_Required action_
Everything in the records below from the line containing "April Offset Quadrant" through the line containing "pavi_jewelry.jpg" is to be reproduced exactly, those two lines included; no picture is to be copied.

_Study material_
+ + + + +

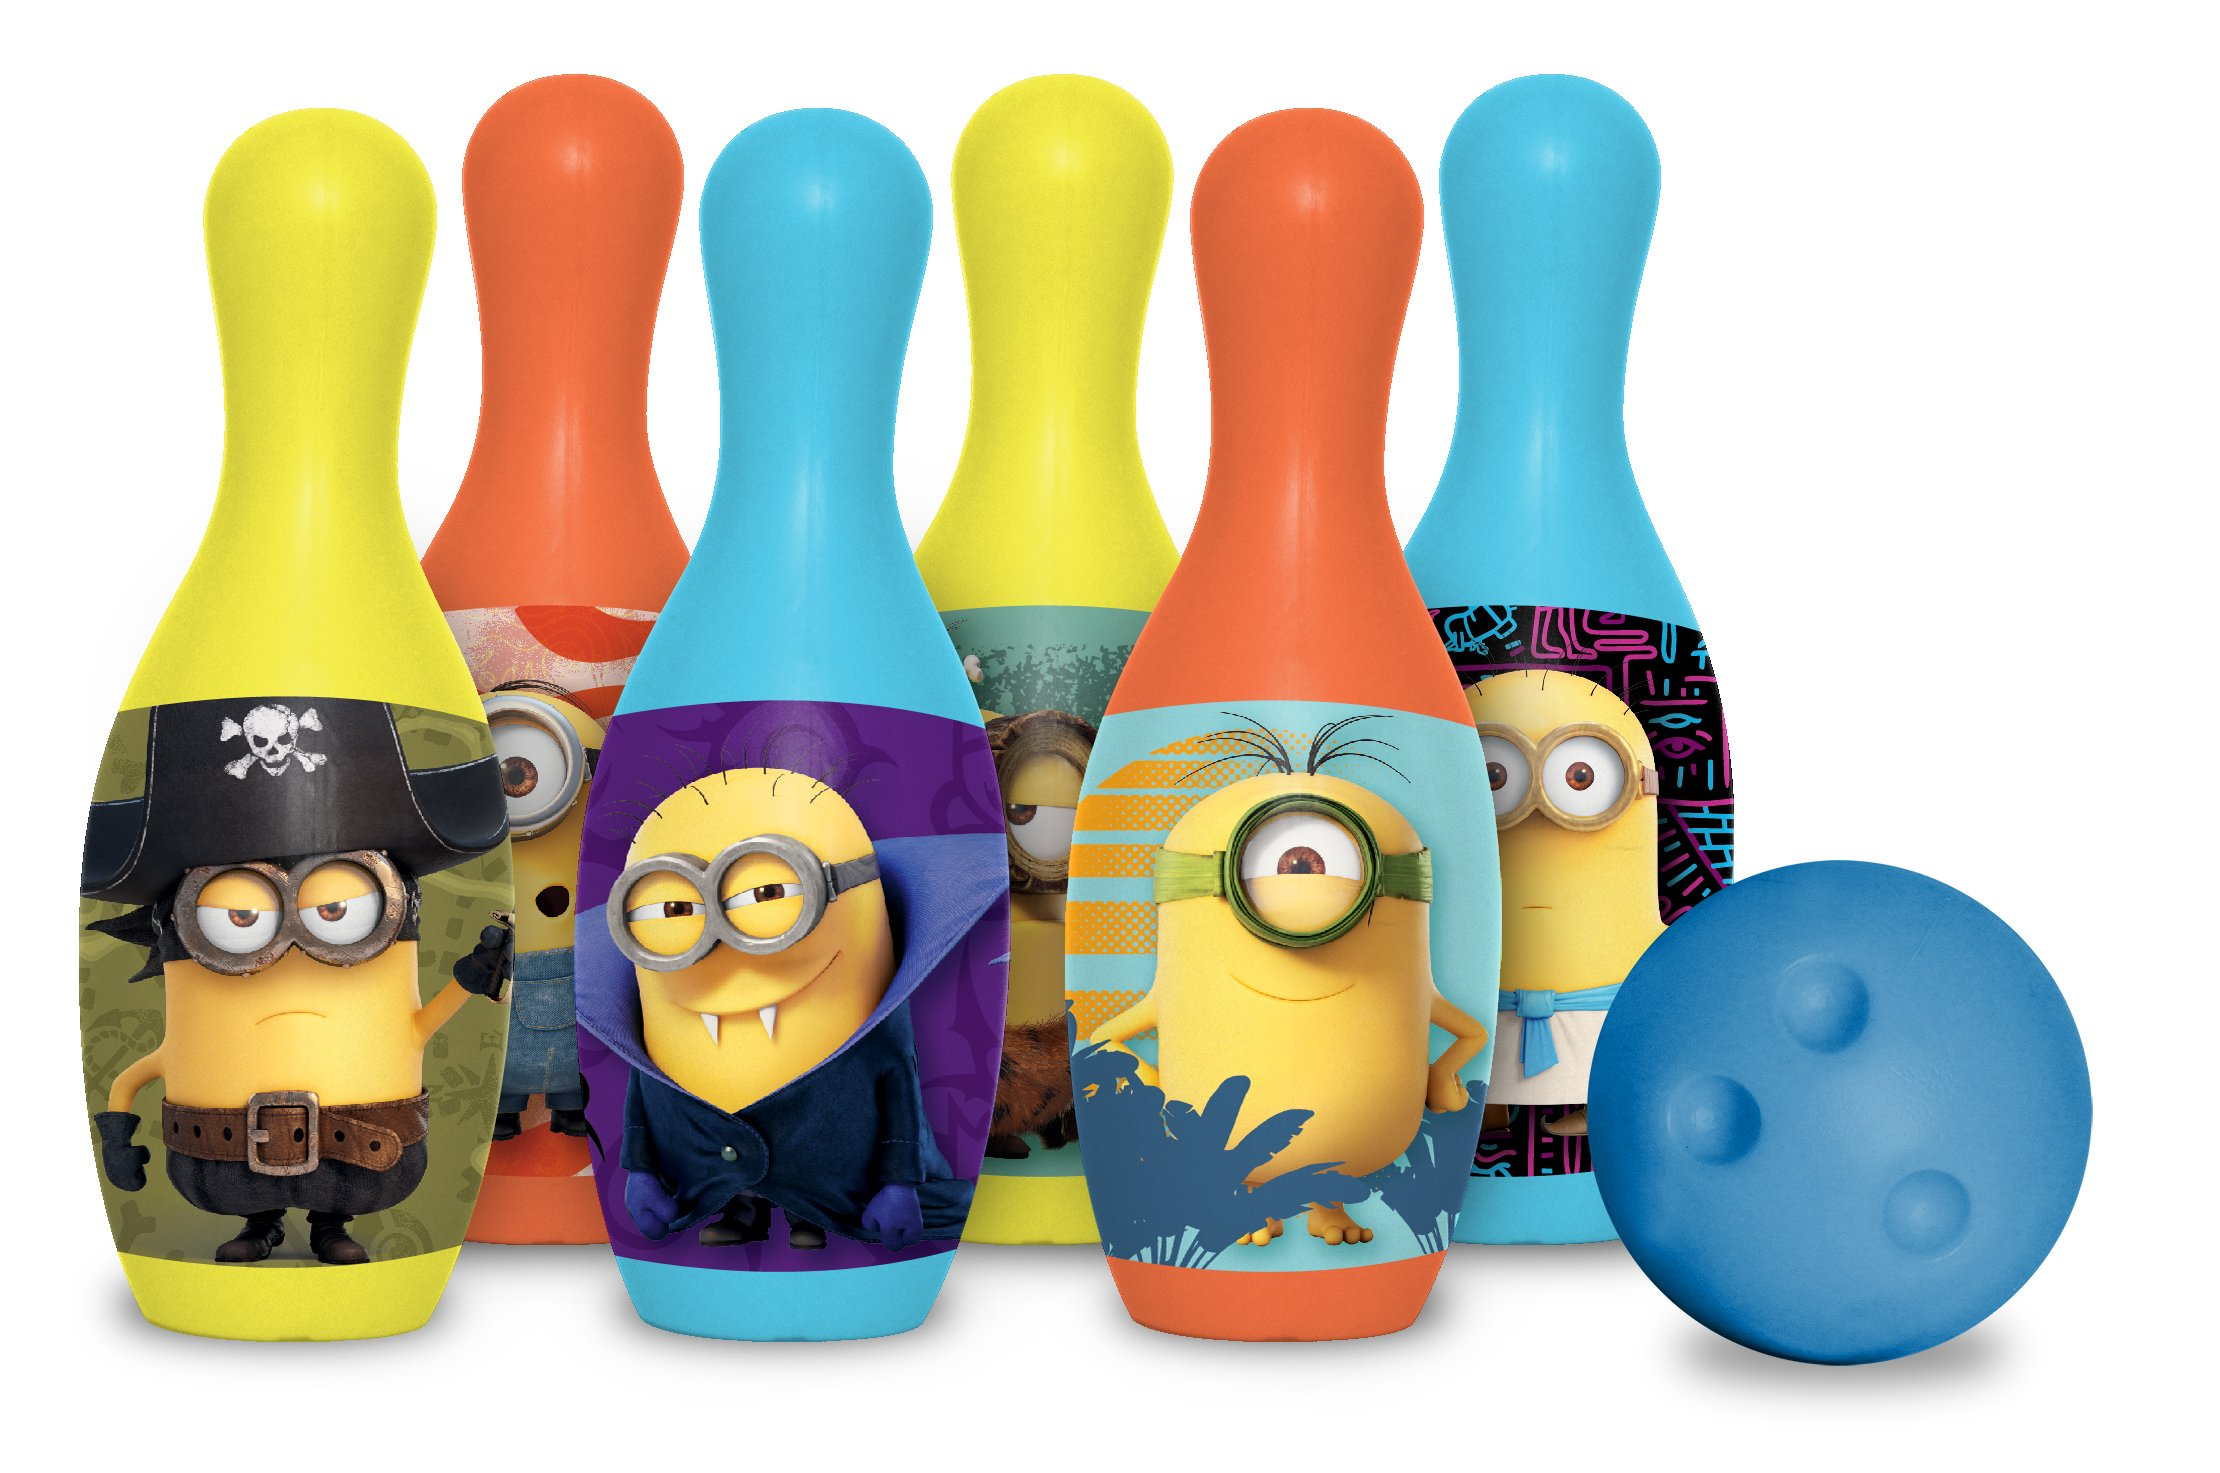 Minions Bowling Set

+ + + + +

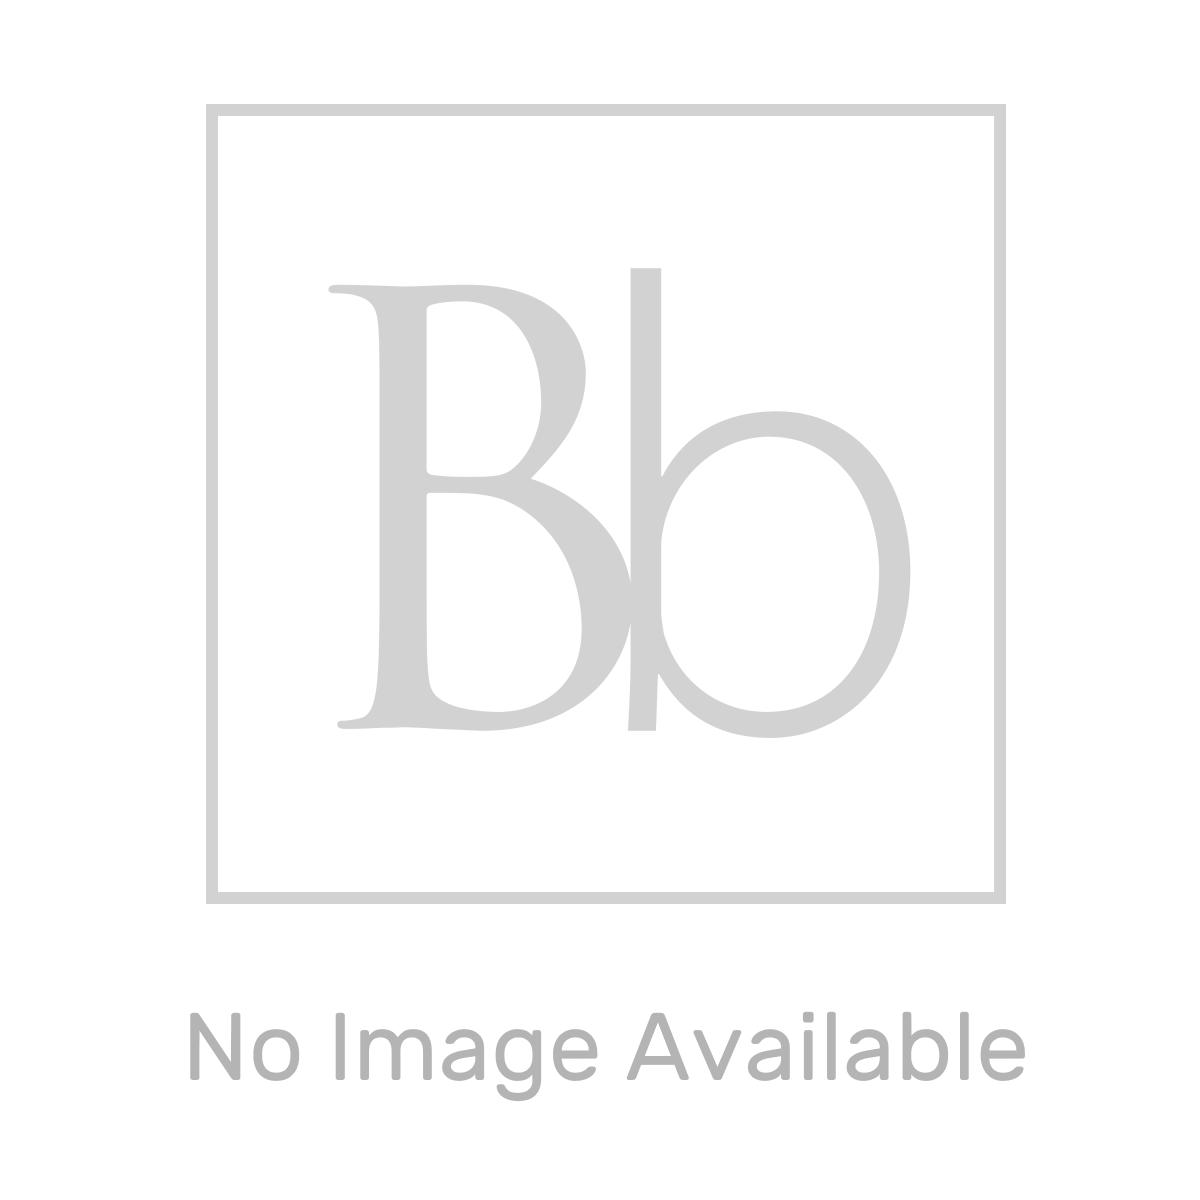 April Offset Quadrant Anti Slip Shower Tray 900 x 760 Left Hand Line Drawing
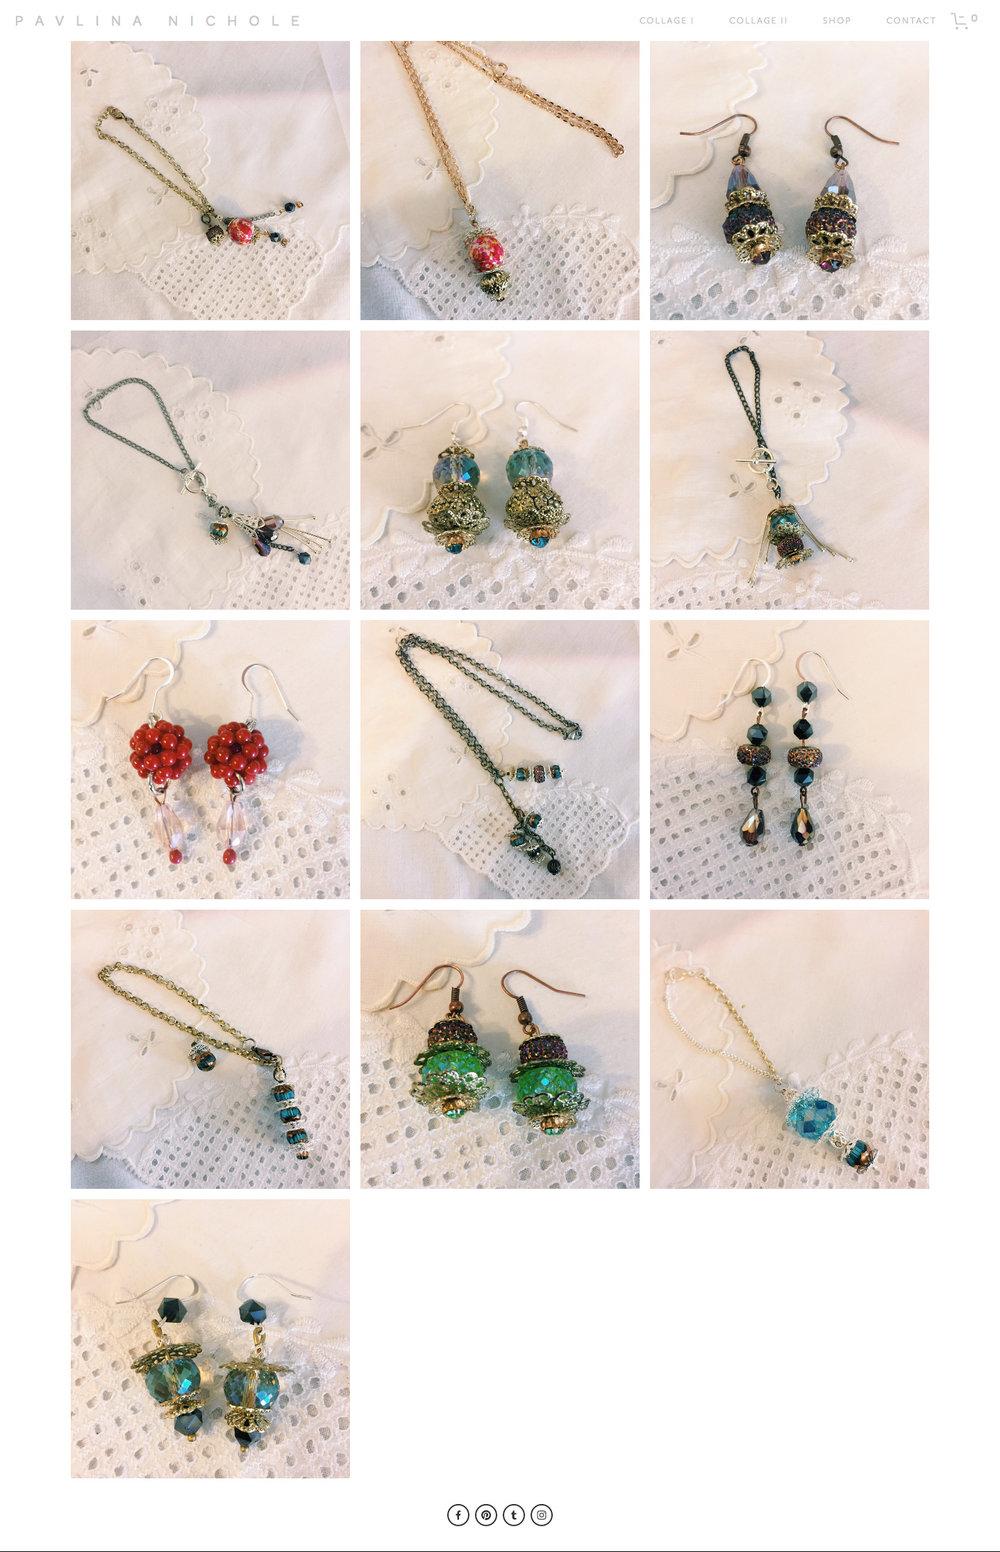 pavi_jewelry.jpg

+ + + + +

_Output_
 April Offset Quadrant Anti Slip Shower Tray 900 x 760 Left Hand Line Drawing
 pavi_jewelry.jpg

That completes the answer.